Authors: Qingtao Liu, Pei Xu, Mingming Jin, Lei Wang, Fengqing Hu, Qi Yang, Rui Bi, Haibo Xiao, Lianyong Jiang, Fangbao Ding

Published in: Cancer Immunology, Immunotherapy | Issue 5/2024

Abstract

Background

Accumulation studies found that tumor-associated macrophages (TAMs) are a predominant cell in tumor microenvironment (TME), which function essentially during tumor progression. By releasing bioactive molecules, including circRNA, small extracellular vesicles (sEV) modulate immune cell functions in the TME, thereby affecting non-small cell lung cancer (NSCLC) progression. Nevertheless, biology functions and molecular mechanisms of M2 macrophage-derived sEV circRNAs in NSCLC are unclear.

Methods

Cellular experiments were conducted to verify the M2 macrophage-derived sEV (M2-EV) roles in NSCLC. Differential circRNA expression in M0 and M2-EV was validated by RNA sequencing. circFTO expression in NSCLC patients and cells was investigated via real-time PCR and FISH. The biological mechanism of circFTO in NSCLC was validated by experiments. Our team isolated sEV from M2 macrophages (M2Ms) and found that M2-EV treatment promoted NSCLC CP, migration, and glycolysis.

Results

High-throughput sequencing found that circFTO was highly enriched in M2-EV. FISH and RT-qPCR confirmed that circFTO expression incremented in NSCLC tissues and cell lines. Clinical studies confirmed that high circFTO expression correlated negatively with NSCLC patient survival.
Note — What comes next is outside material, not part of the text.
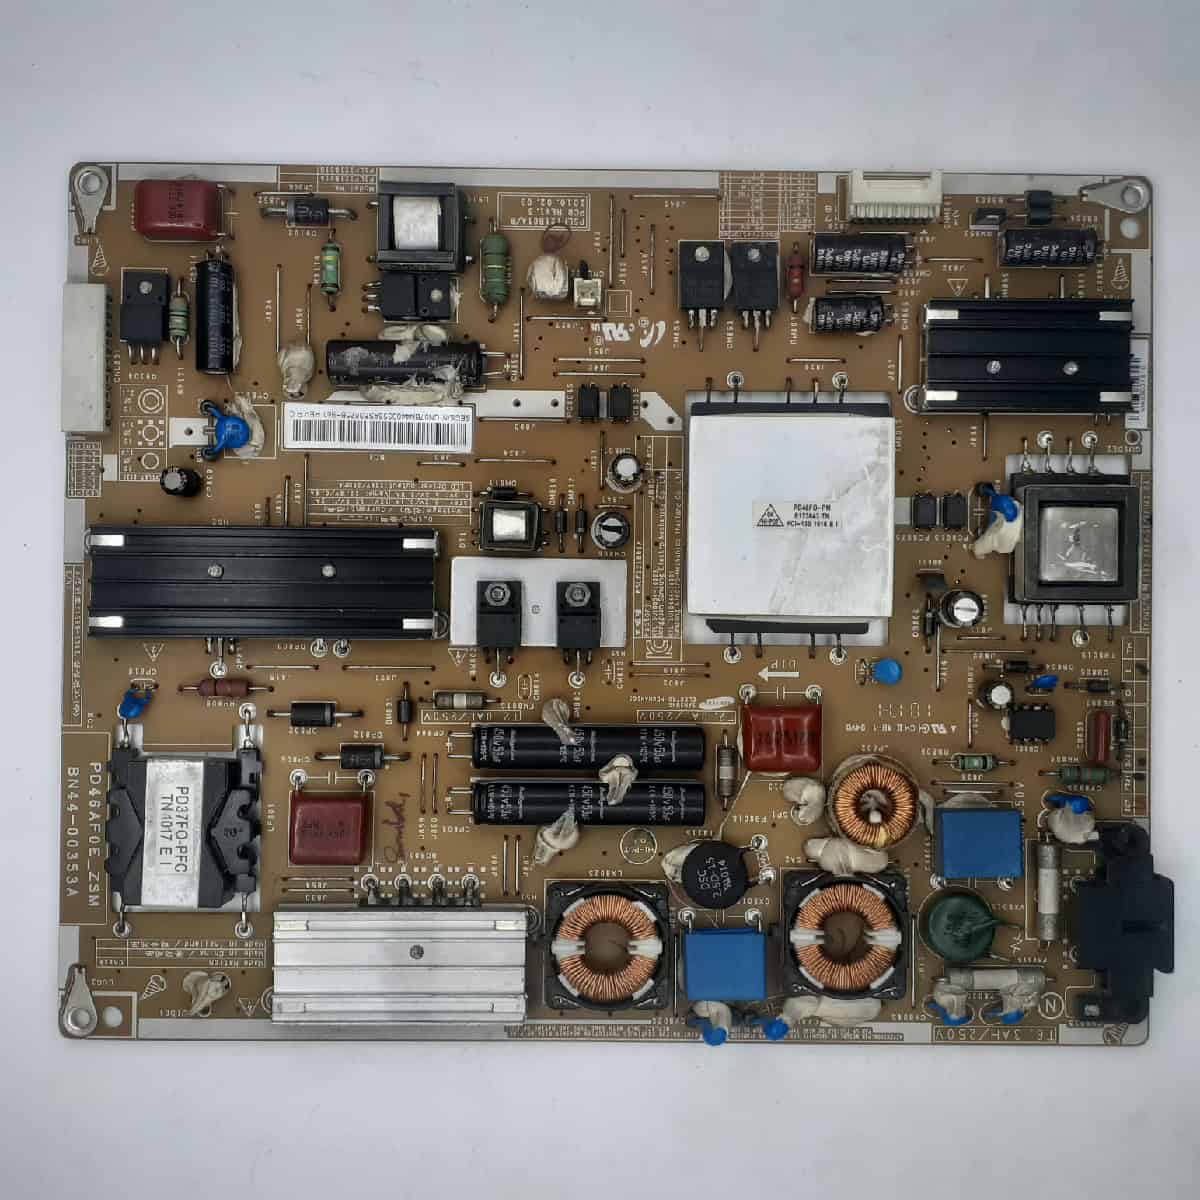 UE40C5100 SAMSUNG POWER SUPPLY BOARD FOR LED TV

Luciferase reporter analysis confirmed that miR-148a-3p and PDK4 were downstream targets of circFTO. circFTO knockdown inhibited NSCLC cell growth and metastasis in in vivo experiments. Downregulating miR-148a-3p or overexpressing PDK4 restored the malignancy of NSCLC, including proliferation, migration, and aerobic glycolysis after circFTO silencing.

Conclusion

The study found that circFTO from M2-EV promoted NSCLC cell progression and glycolysis through miR-148a-3p/PDK4 axis. circFTO is a promising prognostic and diagnostic NSCLC biomarker and has the potential to be a candidate NSCLC therapy target.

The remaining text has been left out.